▶ _Supplied material_:
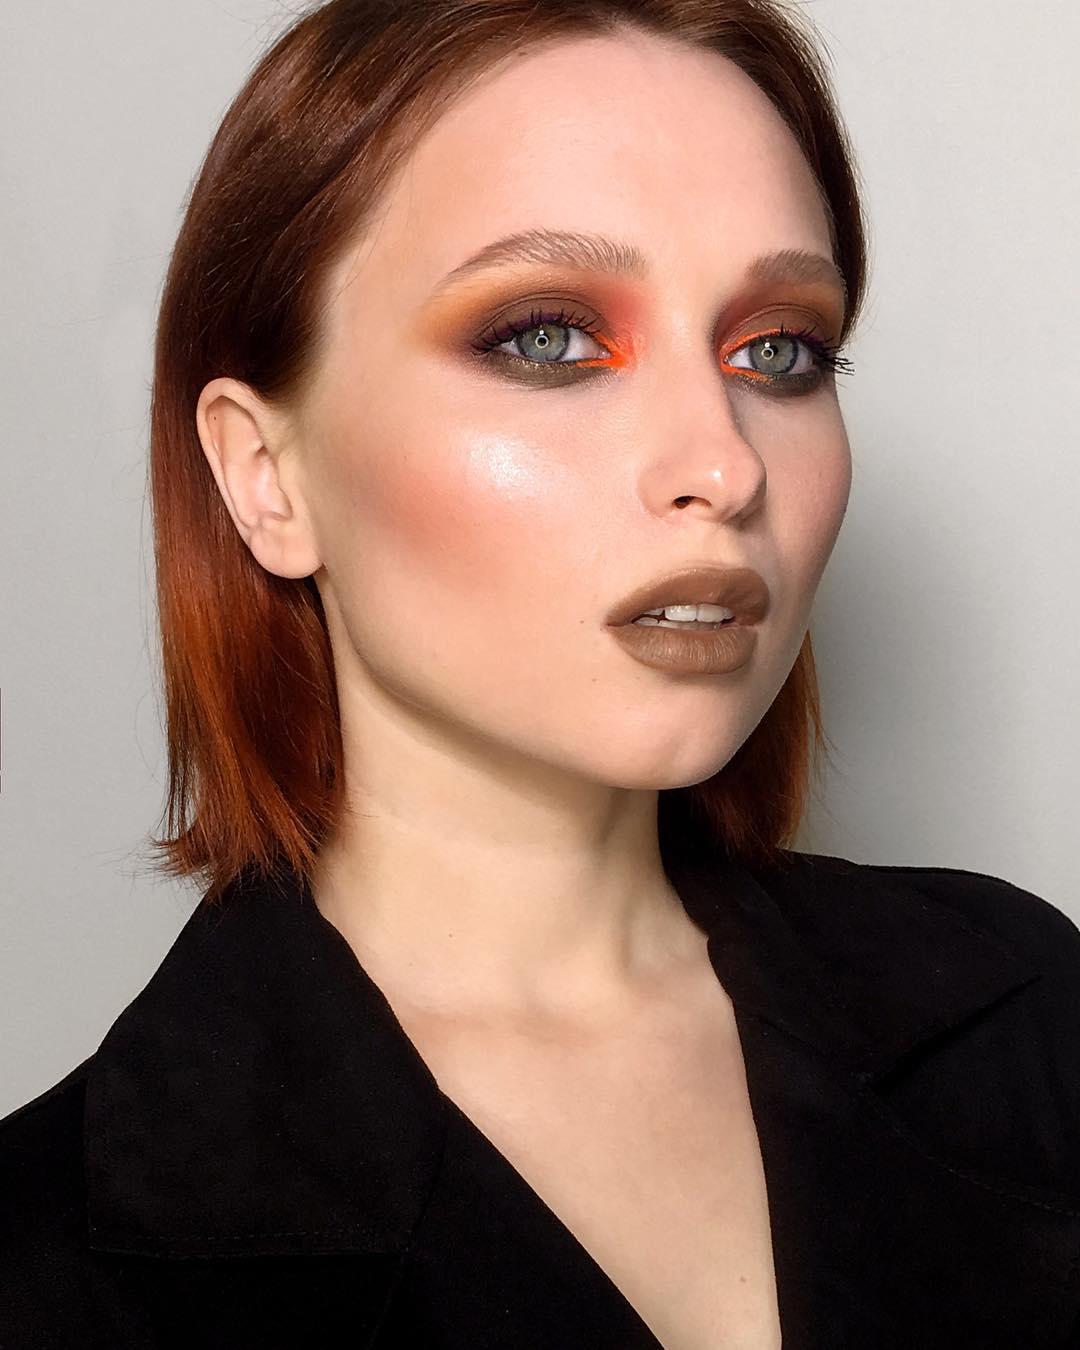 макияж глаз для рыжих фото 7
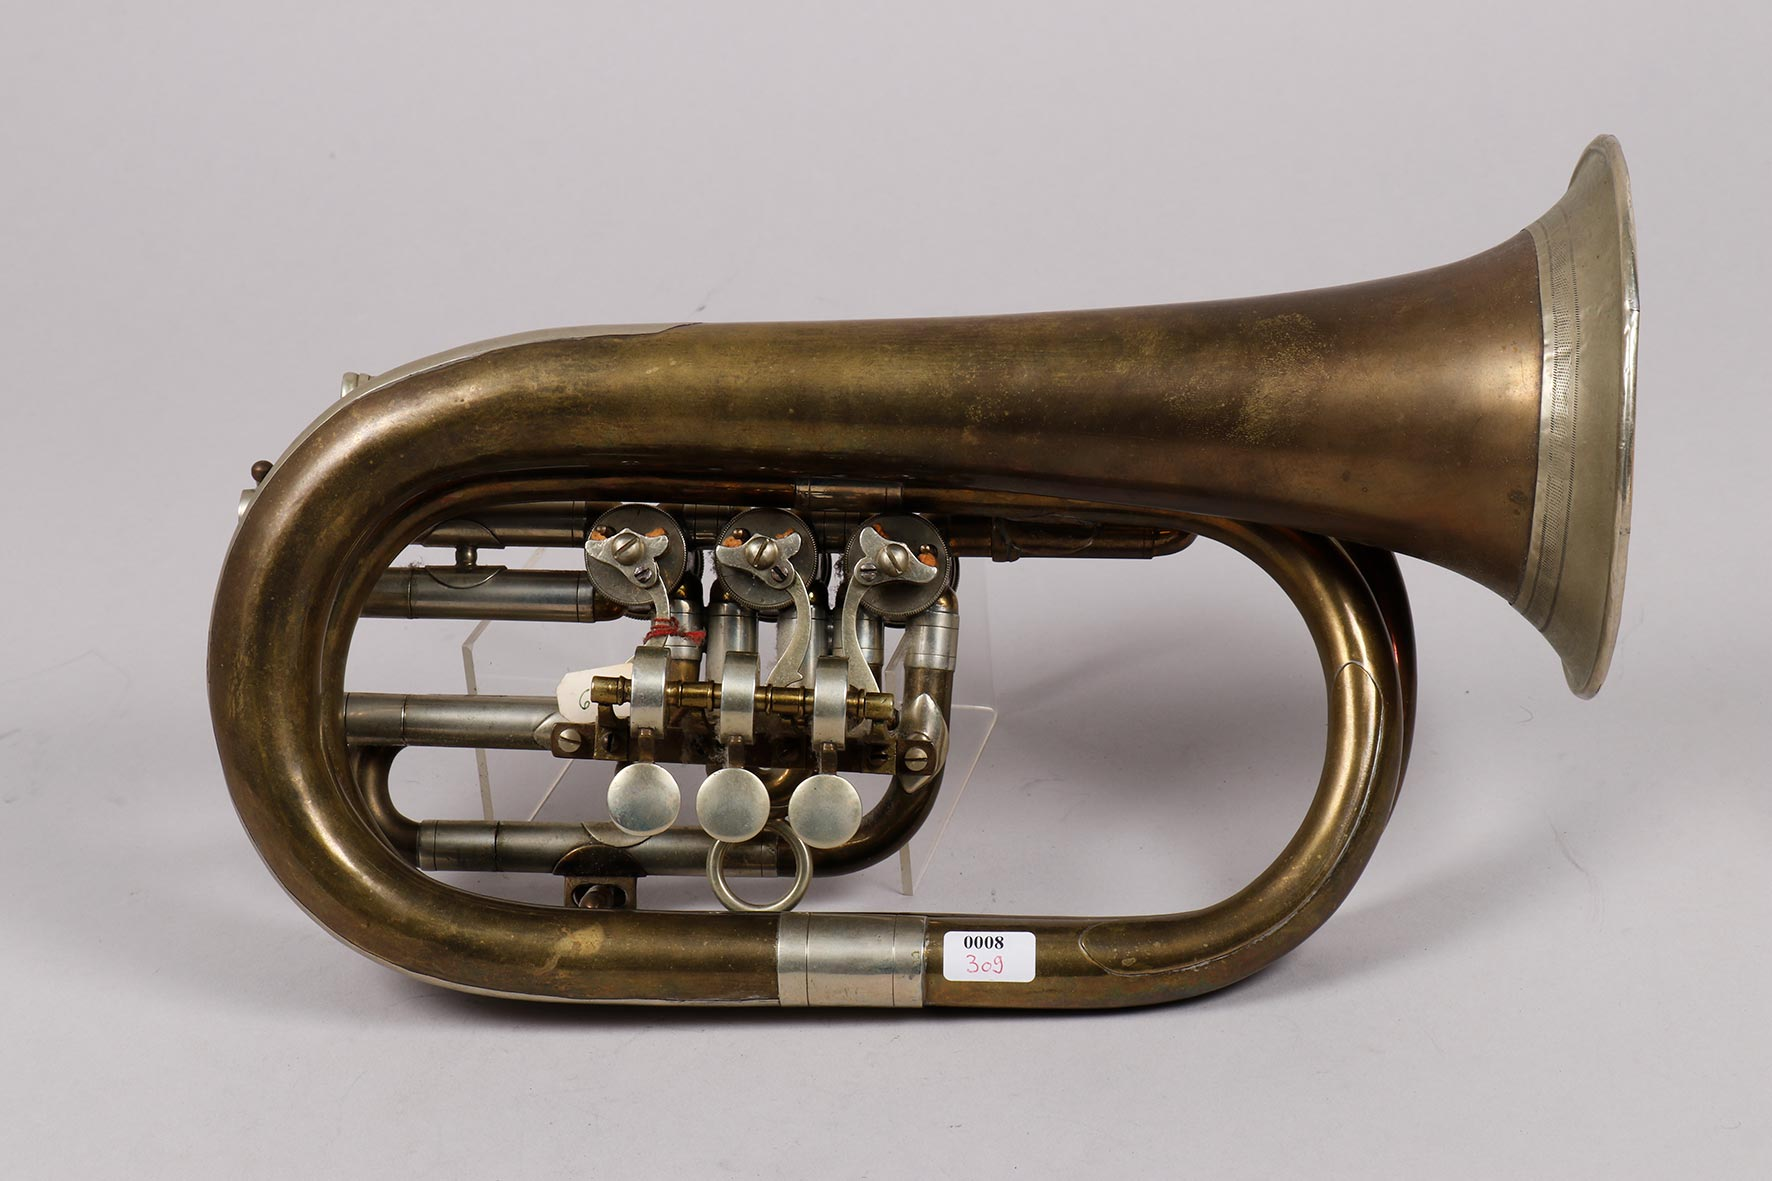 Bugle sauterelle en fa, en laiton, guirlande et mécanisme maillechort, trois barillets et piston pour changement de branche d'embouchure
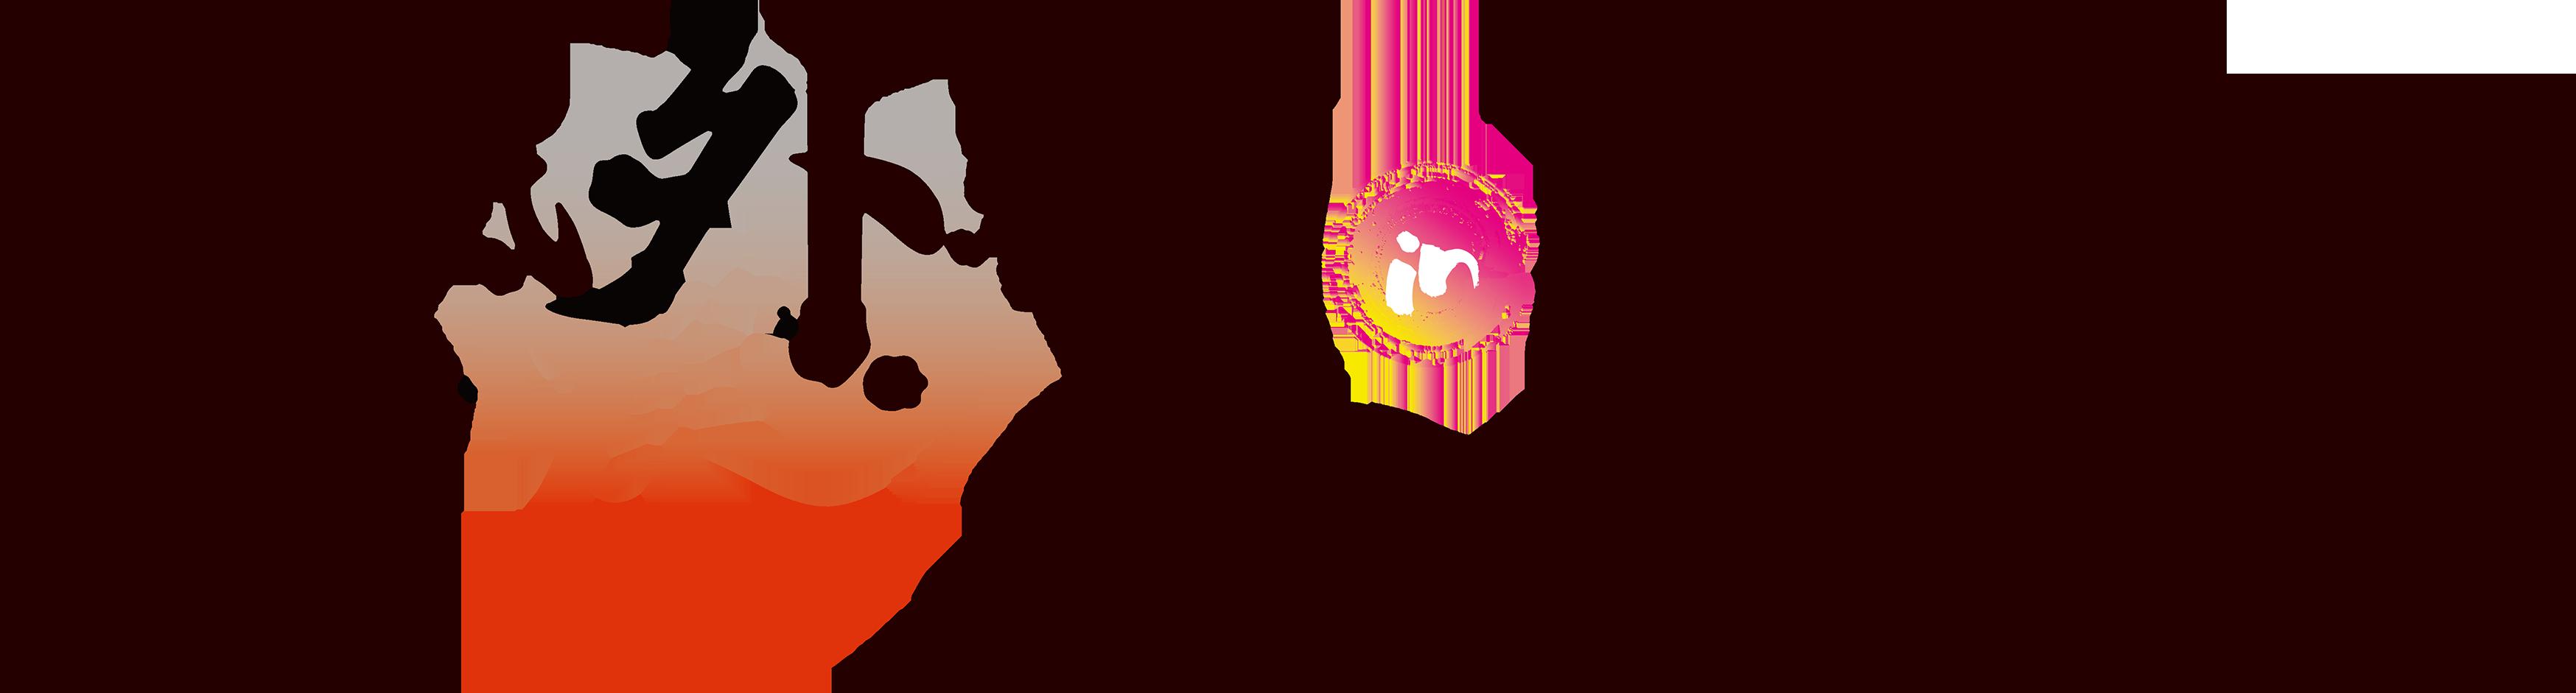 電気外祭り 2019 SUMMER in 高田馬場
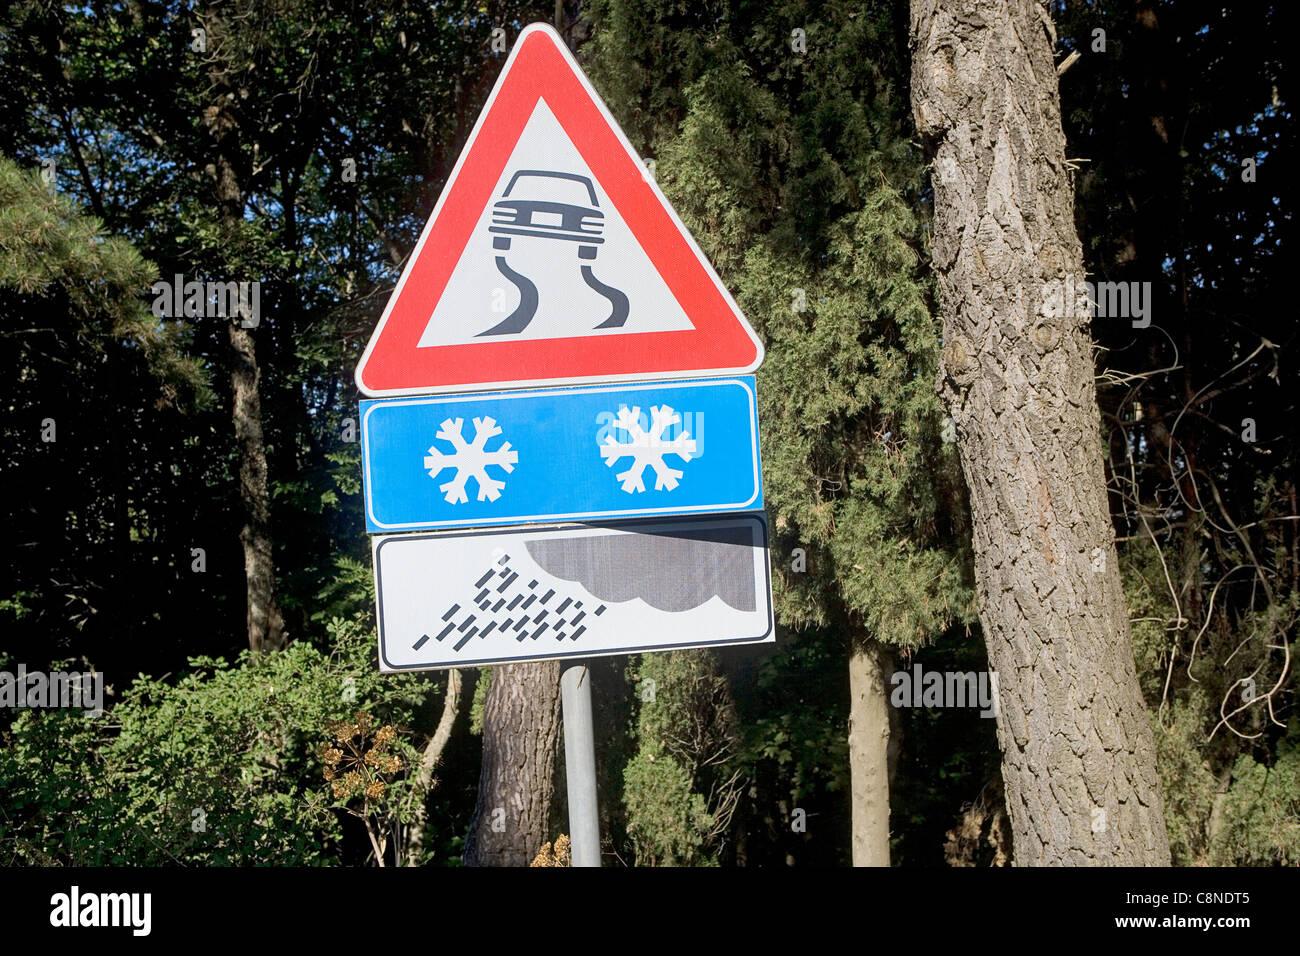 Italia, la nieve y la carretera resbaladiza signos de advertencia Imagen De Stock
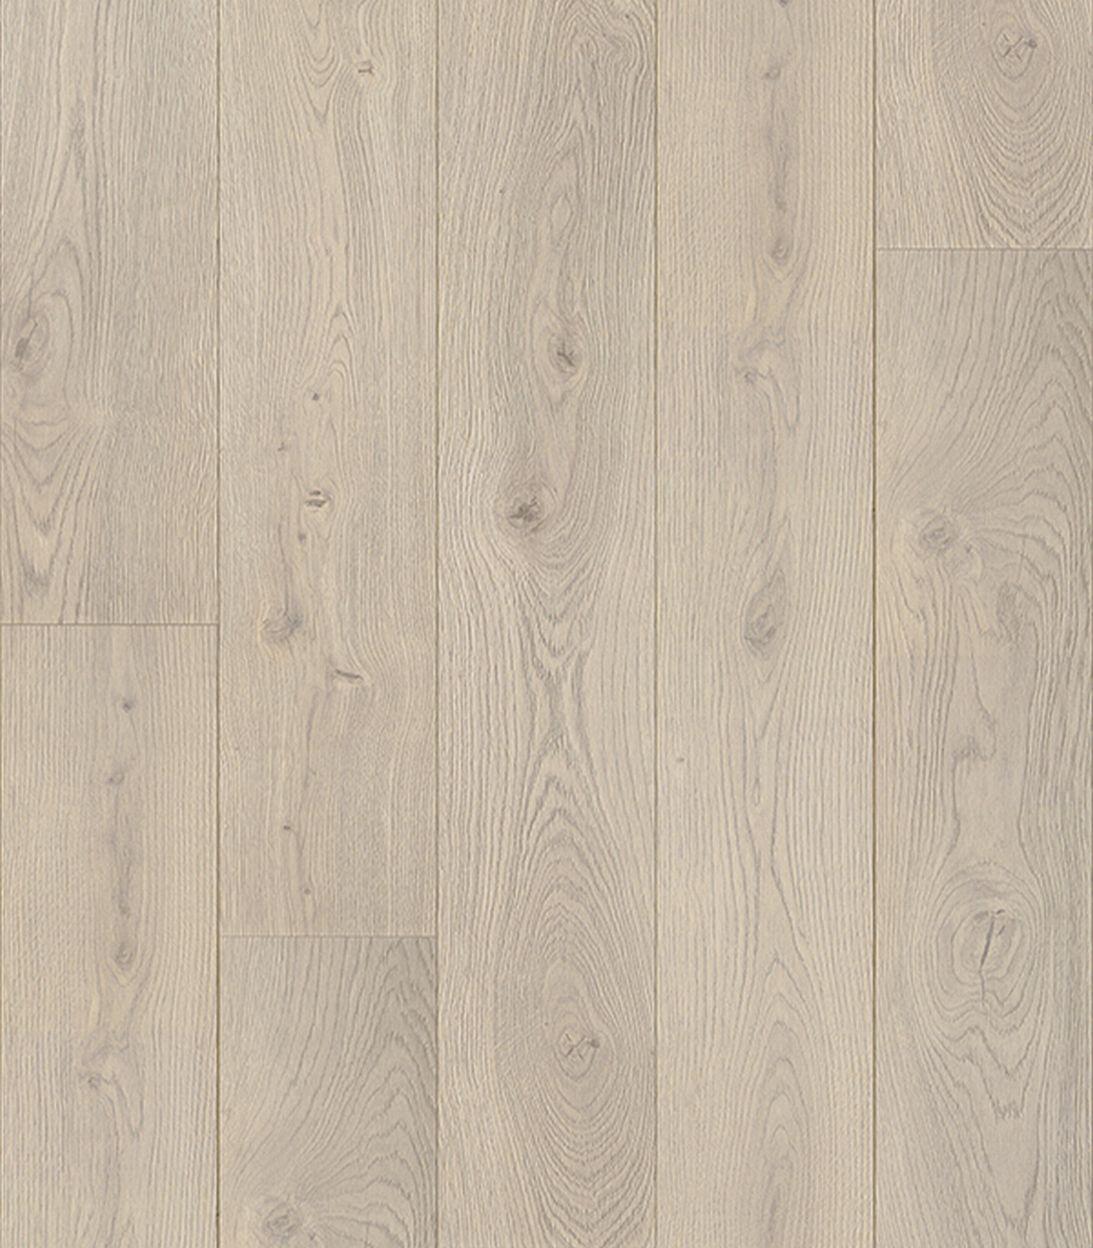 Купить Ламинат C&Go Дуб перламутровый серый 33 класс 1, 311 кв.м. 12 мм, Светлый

▶ _Work task_:
Please restate exactly the lines from the one containing "Bugle sauterelle en" down to the end of the material, both ends kept, and do not include the pictures.

▶ _Written response_:
 Bugle sauterelle en fa, en laiton, guirlande et mécanisme maillechort, trois barillets et piston pour changement de branche d'embouchure
 電気外祭り 2019 SUMMER in 高田馬場
 Italia, la nieve y la carretera resbaladiza signos de advertencia Imagen De Stock
 Купить Ламинат C&Go Дуб перламутровый серый 33 класс 1, 311 кв.м. 12 мм, Светлый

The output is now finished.